Ch10: A Single Equation Approach to Model Based Forecasting

Chapter Summary:

In this chapter different type of methods for forecasting are discussed. Basically, these methods are divided into two different types of categories, i.e. conditional (theoretical) and unconditional (a-theoretical).

The first method of forecasting is ARIMA model, which is a-theoretical model. This model is used when there is no other significant predicator is not available. On basics of time series literature many time theoretical model can converted into the a-theoretical models (difference equations). Mostly the ARIMA models are used for high frequency variables (such as exchange rate).

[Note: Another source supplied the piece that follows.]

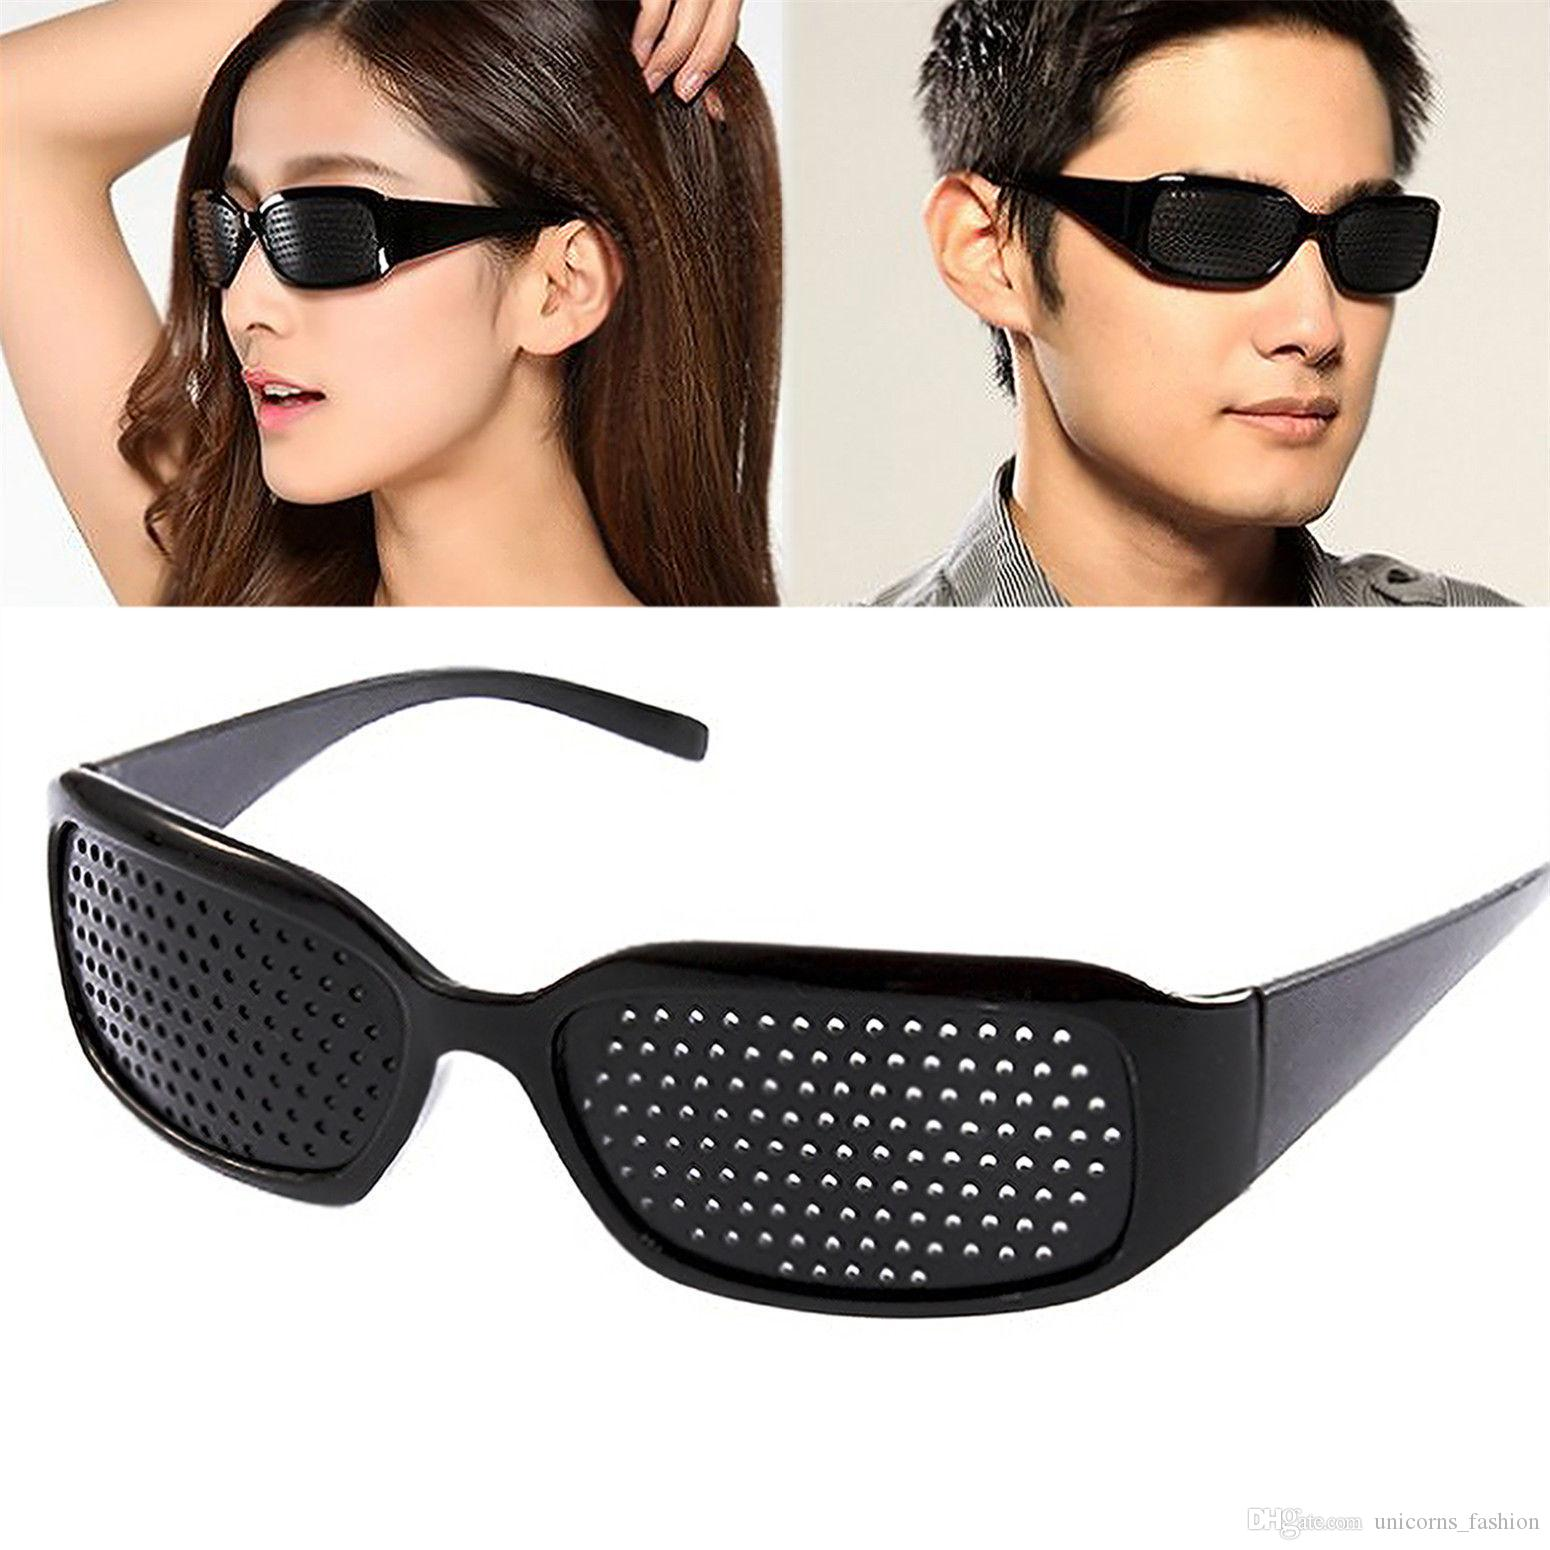 a803427356 Unisex Vision Care Pin Hole Eyeglasses Anti-fatigue Pinhole Glasses ...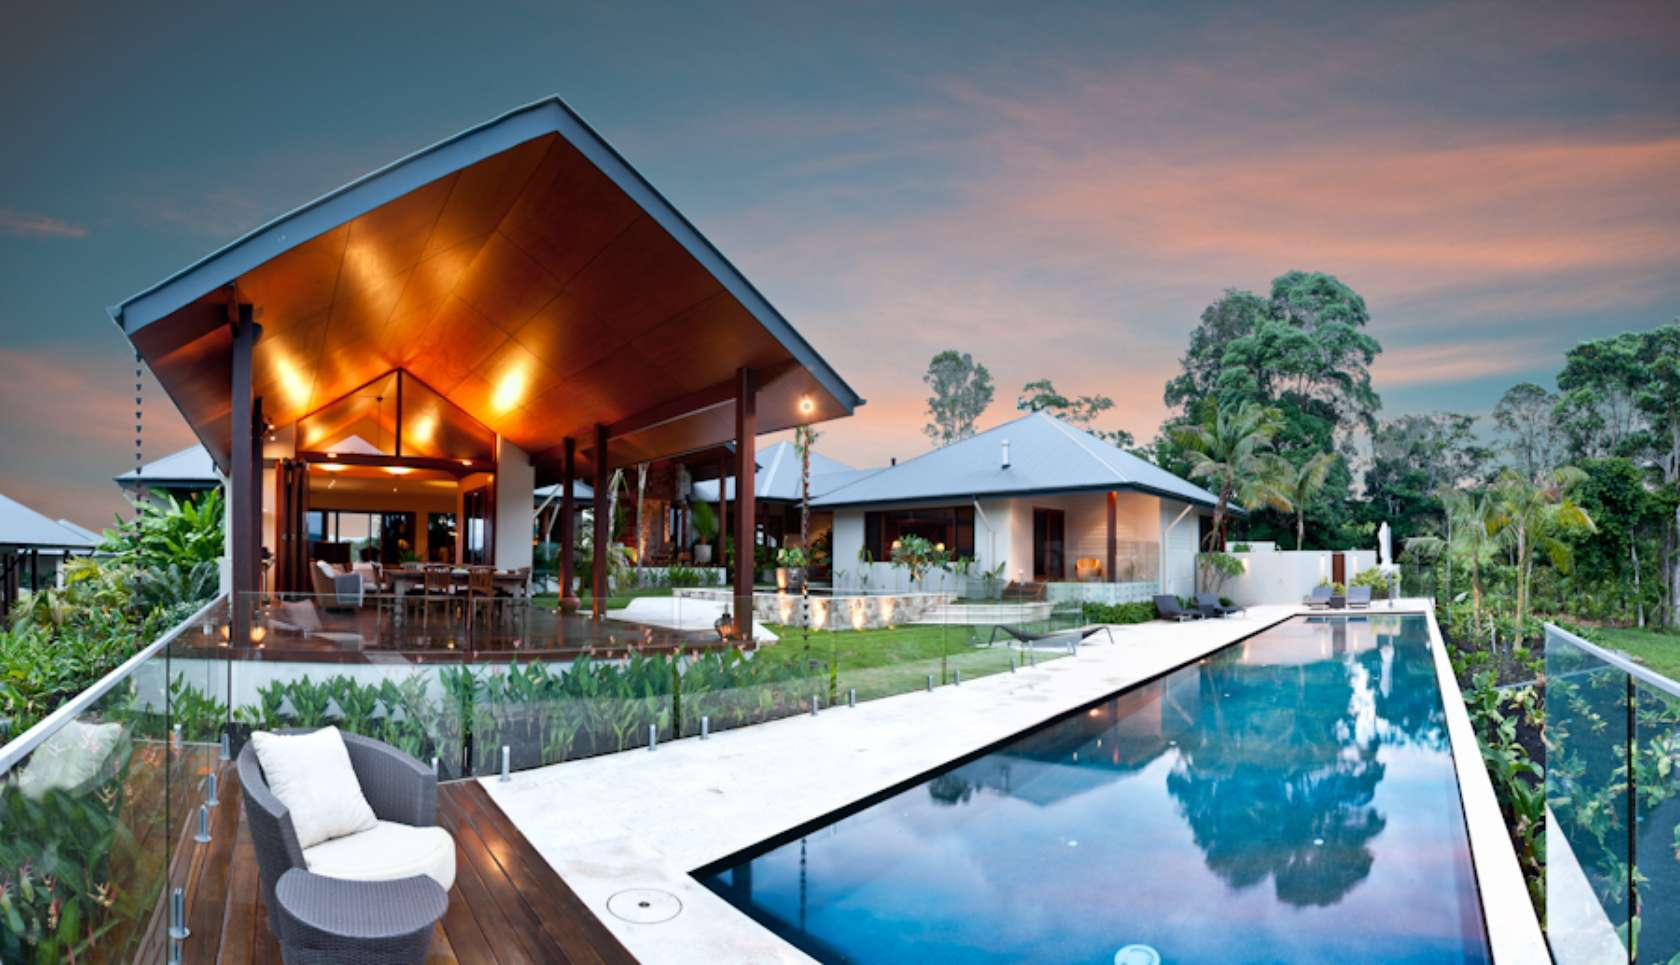 Bali Meets The Australian Farm House Architizer

Second method for forecasting is conditional approach. For example, consumption is function of income (for simplicity consider a single equation model). As consumption depends upon level of income, that’s why these model are called conditional model, consequently, these model are based upon proper theory that’s why they are called theoretical models. The benefit of this approach is that a forecaster can generate different forecasts of the target variables conditioned on different values of the predictors.

In many cases, the dependent variable is non-traditional (binary). When the dependent variable is non-traditional then mostly the objective of the analyst it to find probability of happening of specific event verses not happening.

All three methods are decided by the analyst according to their objective, these methods are useful at different times and in different circumstances. An analyst must be familiar with all of these forecasting approaches.